THE RECORDS
--------------------------------
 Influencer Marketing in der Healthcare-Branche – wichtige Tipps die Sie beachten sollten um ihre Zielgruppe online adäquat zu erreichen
--------------------------------
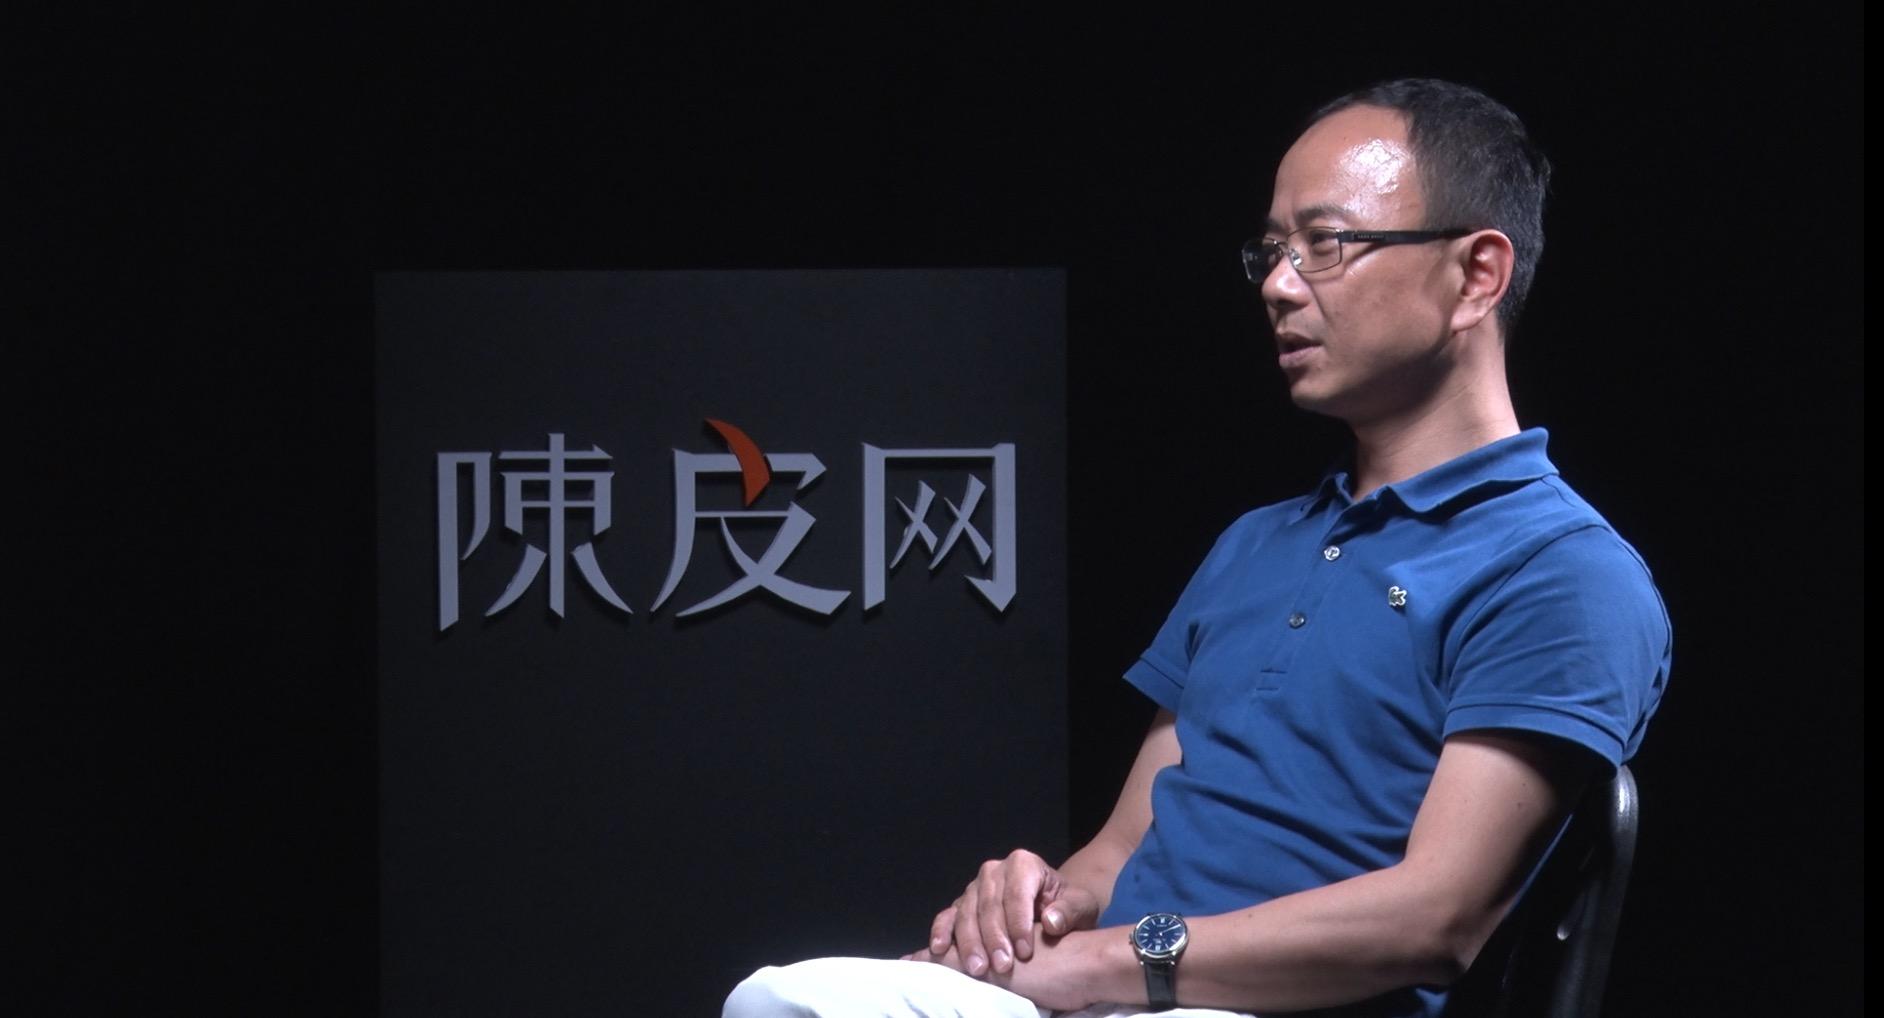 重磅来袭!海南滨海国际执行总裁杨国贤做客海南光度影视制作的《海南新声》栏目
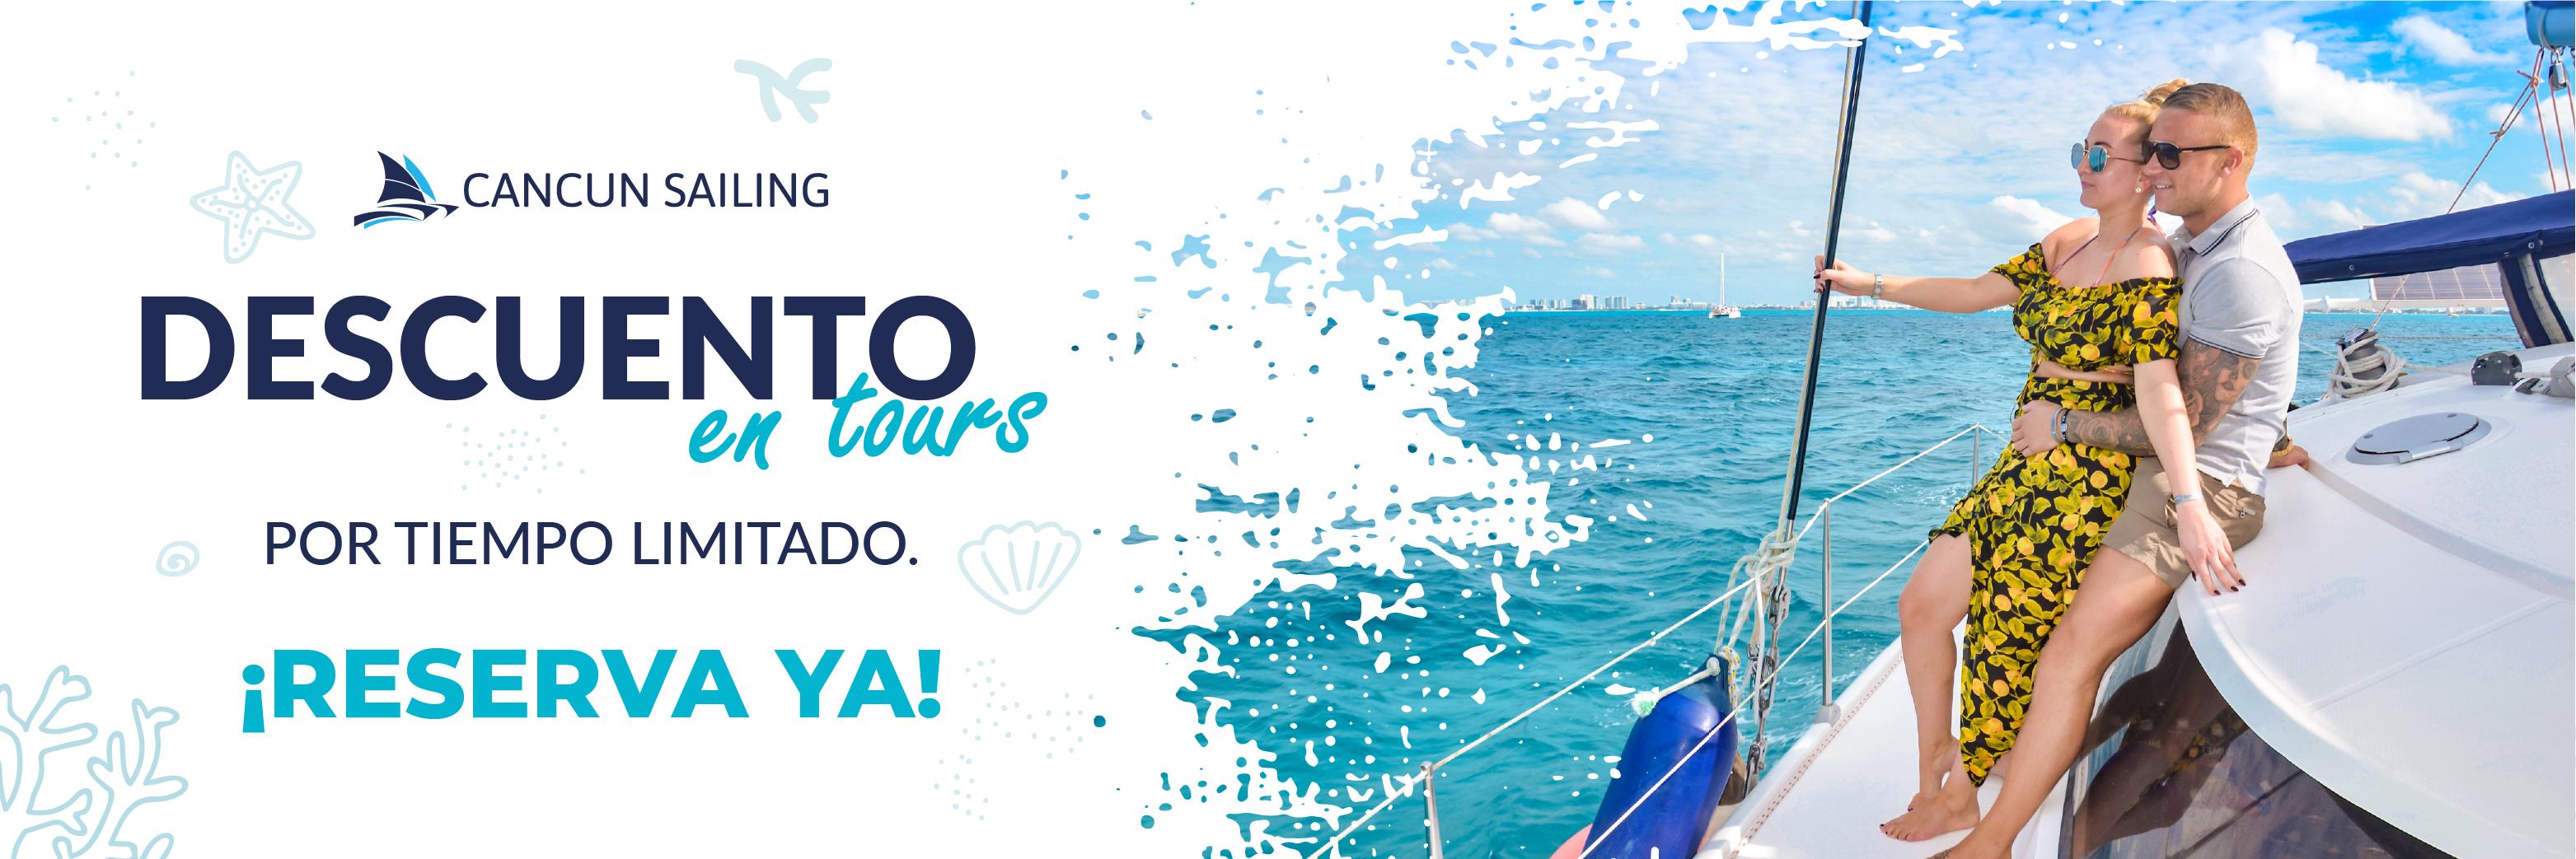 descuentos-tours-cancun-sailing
--------------------------------
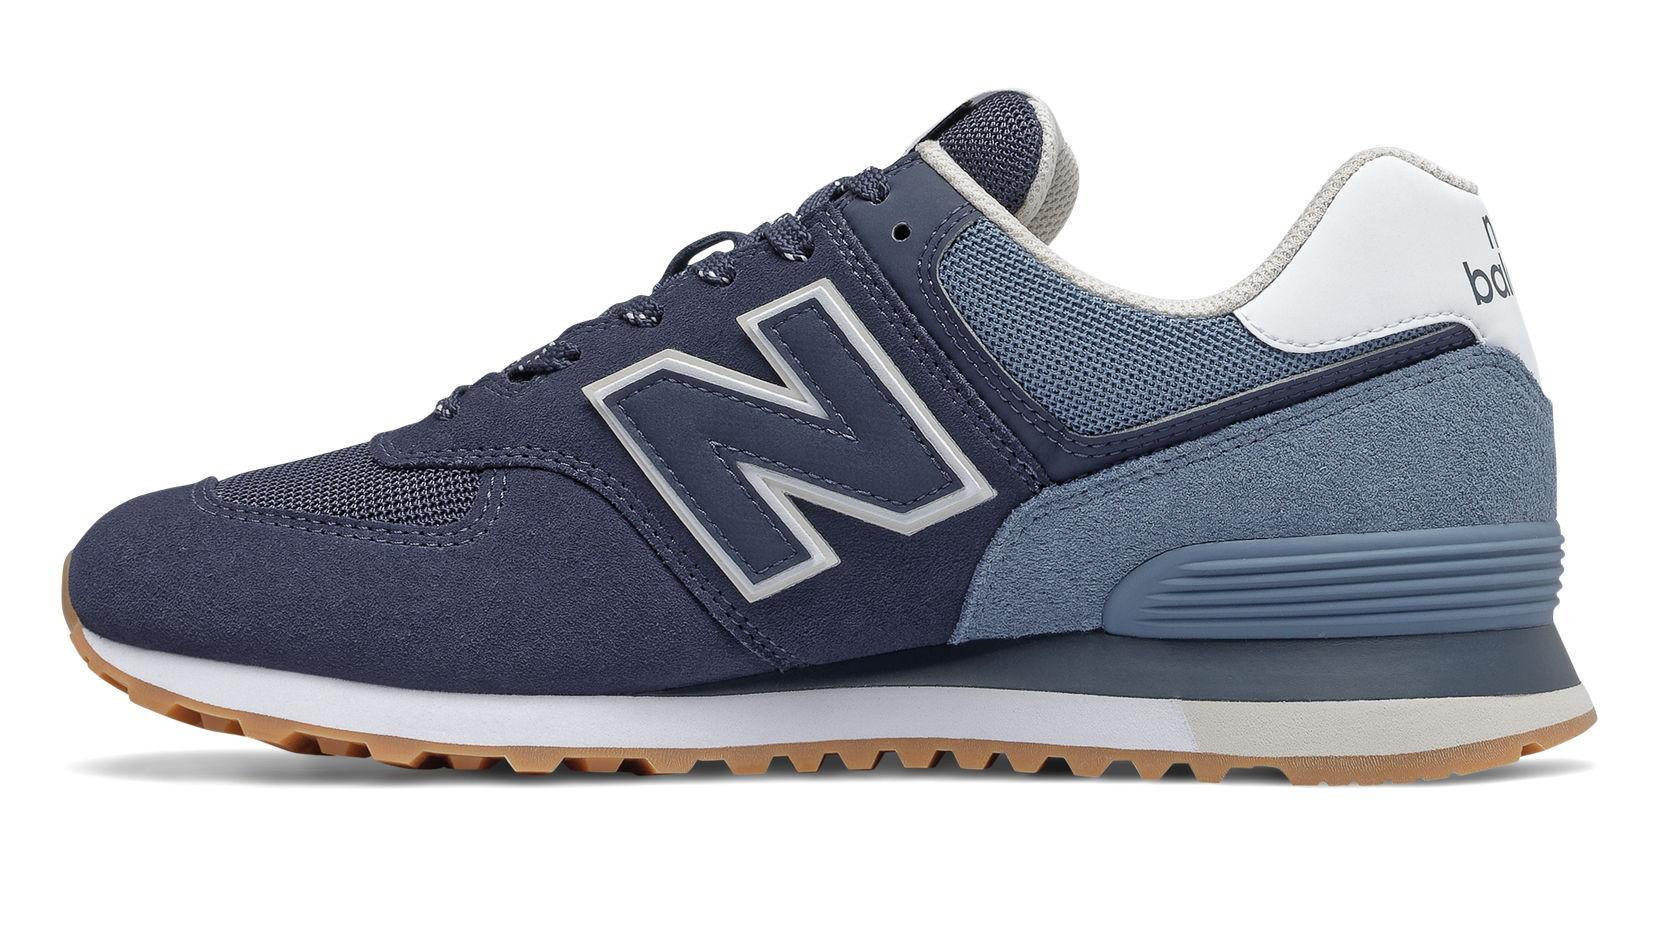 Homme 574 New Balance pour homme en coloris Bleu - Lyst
--------------------------------
Write out exactly the lines above between the one with "重磅来袭!海南滨海国际执行总裁杨国贤做客海南光度影视制作的《海南新声》栏目" and the one with "descuentos-tours-cancun-sailing", inclusive, with pictures left out.

 重磅来袭!海南滨海国际执行总裁杨国贤做客海南光度影视制作的《海南新声》栏目
 descuentos-tours-cancun-sailing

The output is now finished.